The emotions washing across her face eluded him. Too many, moving too fast. He couldn’t follow. But he couldn’t stay to figure it out. He had to go out, or Seraphim would come in.
She whispered her next words slowly, softly, as if they called death. “Please come back to me. Both of you.” As if she was a hook that gouged his flesh and ripped him apart. As if she knew he spoke the truth, that she shouldn’t put herself in harm’s way, but it didn’t matter. She was a Fate.
Again, she curled against his chest. “I love you.”
What could he do to counter the fear vibrating off her body onto his? He wasn’t as good a mate for this modern woman as he wanted to be.
He’d be what she needed, but he didn’t know what she wanted. “We will talk. I promise. I will come back to you. Dragon will come back to you. I keep my promises, beloved. Always. Forever.”
She looked up at him and more unfathomable emotions flowed like spilled wine across her face. Then she nodded quickly and let go, stepping back toward the bed.
He felt as if ice had fallen on his world. Sleet and cold and freezing death blanketed his lif
e because his hearth, the center of his home, had just taken a step back. He was too far away from everything he needed.
“Go,” she whispered. “Your sister’s returned.”

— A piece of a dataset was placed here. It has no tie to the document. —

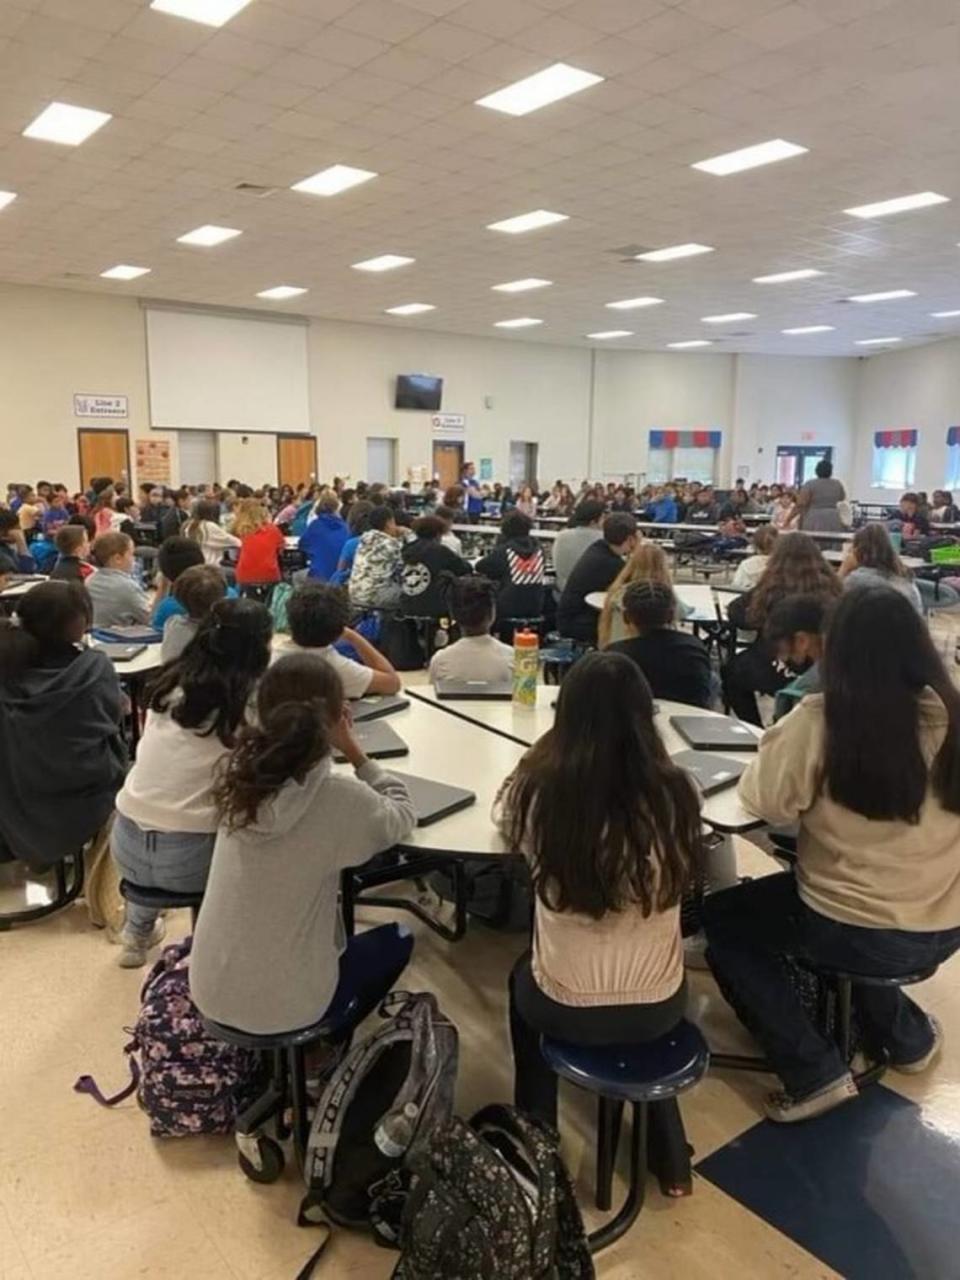 Cabarrus County Schools is considering plans that would result in districtwide realignment to alleviate overcrowding in schools.

And now, watching her face, he didn’t know if he could get back to where he belonged.
Chapter Fourteen
The hospital had remodeled the lobby late last year. They opened it up, adding an atrium, a children’s play area, and a little café with flavorless apples and wrought-iron chairs. The reception desk sprawled in the middle of the newly-vinyled floor, as big as a boulder off the mountains, and just as solid.
Ladon walked out of the florescent-lit corridor and into the bright late afternoon sun washing through the reception area. Under his feet, the patterning on the floor changed from the utilitarian squares of the hallway to branching swirls laid out in nature-themed colors. To his sides, the bland walls gave way to glass and chrome. And above his head, the new skylights danced with the pendants of local teams and citizens’ groups.

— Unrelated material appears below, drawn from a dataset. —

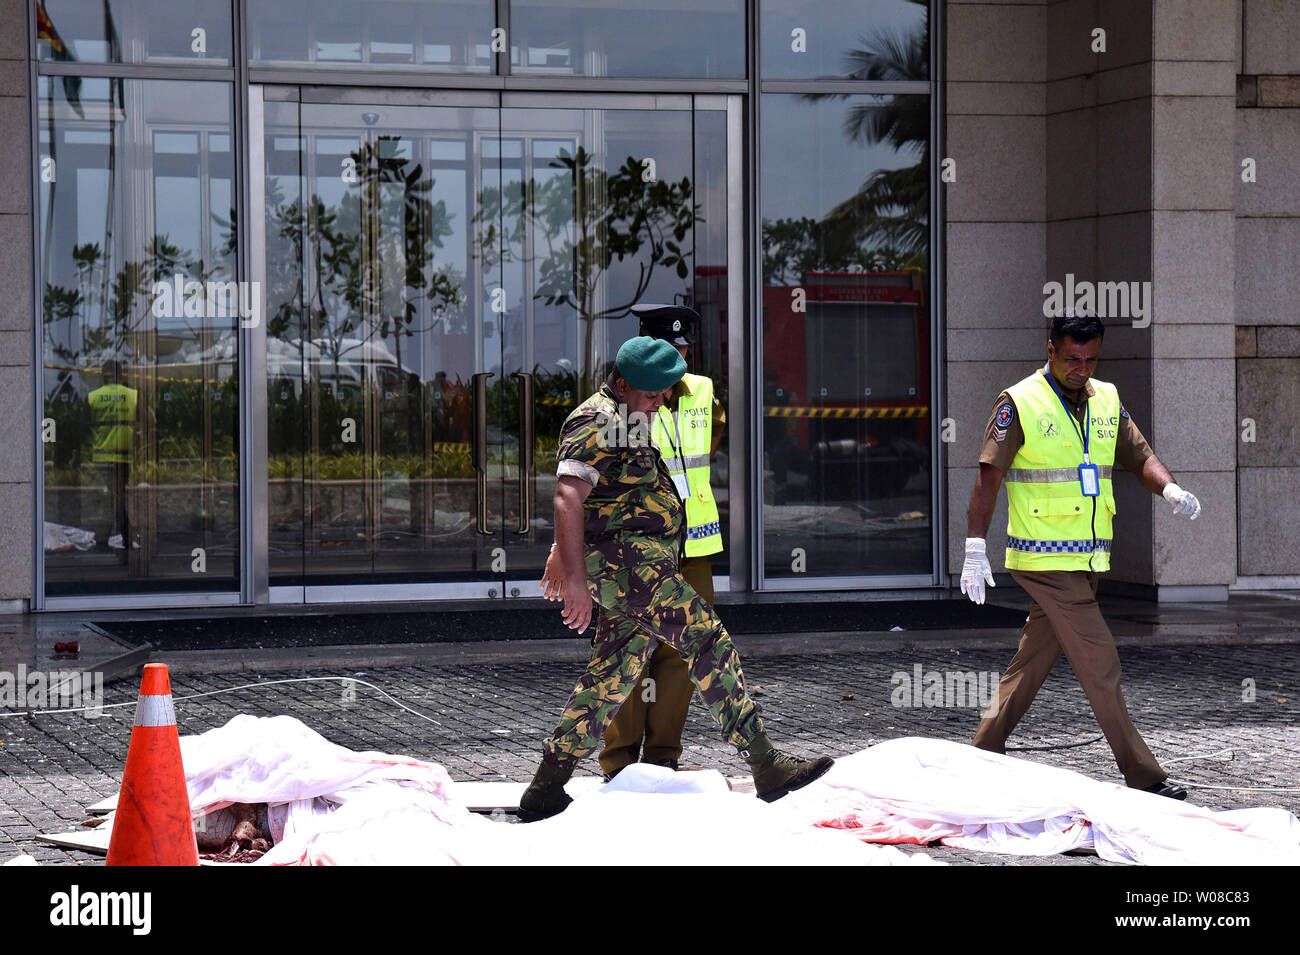 Police and investigators work at a blast scene at Shangri-La hotel in  Colombo, Sri Lanka, April 21, 2019. A series of eight devastating bomb  blasts ripped through high-end hotels and churches holding

Ladon breathed in, sniffing carefully, for any signs of enthrallers. They would come in once he left the building, if they hadn’t already, and the only two entrances that would not set off alarms were the front lobby and the Emergency Department.
The lobby reception desk, no matter how imposing, was easier to circumvent than the maze in Emergency.
Nothing new hit his perception. Out here, this close to the doors, he expected fresher scents, but the lobby smelled just like the rest of the hospital—chemically sterile. The polarizing filters on the windows hazed the air, too, giving the entire area a bright-but-partly-cloudy feel.
No one other than Julie moved in the lobby. She tapped away at her computer, her neck craned forward and her shoulders in an awkward position.
She holds several files on her lap, Dragon pushed from above. He sat on the atrium windows directly above Julie’s desk, so he, too, could see the lobby. I see no other people.
Looking in from outside would protect Dragon from any strong enthrallers, so if someone used ‘ignore,’ Dragon would see them anyway.
As would Ladon. Maybe not as quickly, but he’d know. The ache in his side from his ribs throbbed in time with his heart and revved his body’s alertness. He would be nearly impossible to enthrall right now because of the pain. Only a handful of enthrallers could control him anyway, and most knew better than to try.